Context: The mission, which took place in 1974, wasn't easy. The sub sat about 17,000 feet below the Pacific's surface, deeper than the Titanic. It was also mangled and would be difficult to transport amid ocean currents.

  • And, of course, this all had to be done in secret. "They must be smoking something to even believe they can do that," a former CIA official recalled a Naval official saying at the time.
  • (David Sharp, the mission's director of recovery systems, wrote a book about it.)

To top it off, during the mission a Soviet salvage boat just happened to be parked near the ultra-secret site.

Ultimately, the mission wasn't entirely successful — only part of the Soviet sub was recovered — but the daring imagination required prompted the American Society of Mechanical Engineers to dub it "one of the greatest engineering achievements of all time," per Washingtonian.

  • Plus: The nearby Soviet boat appeared unaware of what was going on right next door. When it passed on its departure, the sailors simply dropped their pants and mooned the U.S. ship.

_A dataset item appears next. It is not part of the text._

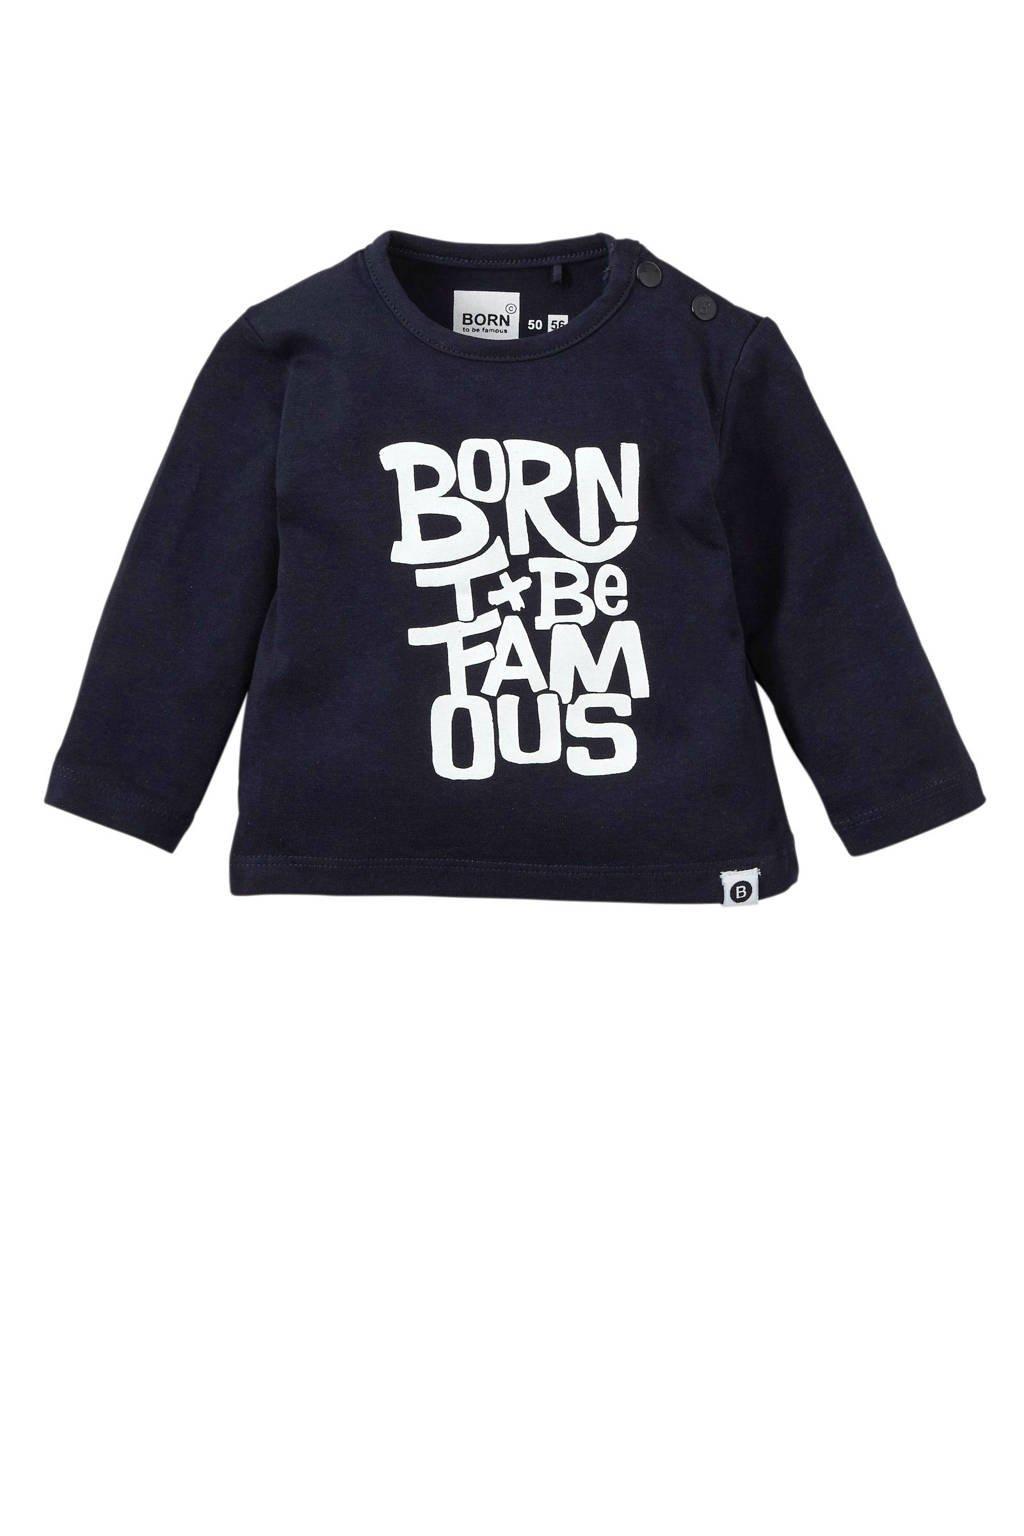 born to be famous. longsleeve met tekst marine/ wit

The public got wind of the mission the next year in 1975 when stolen documents linking Hughes to Project AZORIAN leaked to media outlets — blowing the ship's cover and any hope for a second recovery mission to get the rest of the sub.

  • The CIA confirmed the mission in 2010 via a partially redacted report.
  • The ship is now used for deep-sea exploration and drilling, per the CIA.

And Chessy, as we know, is still very much on the job.

What we're watching: Chessy and its fellow cleanup compatriots are on an aggressive schedule to get the Baltimore port cleared and running by May.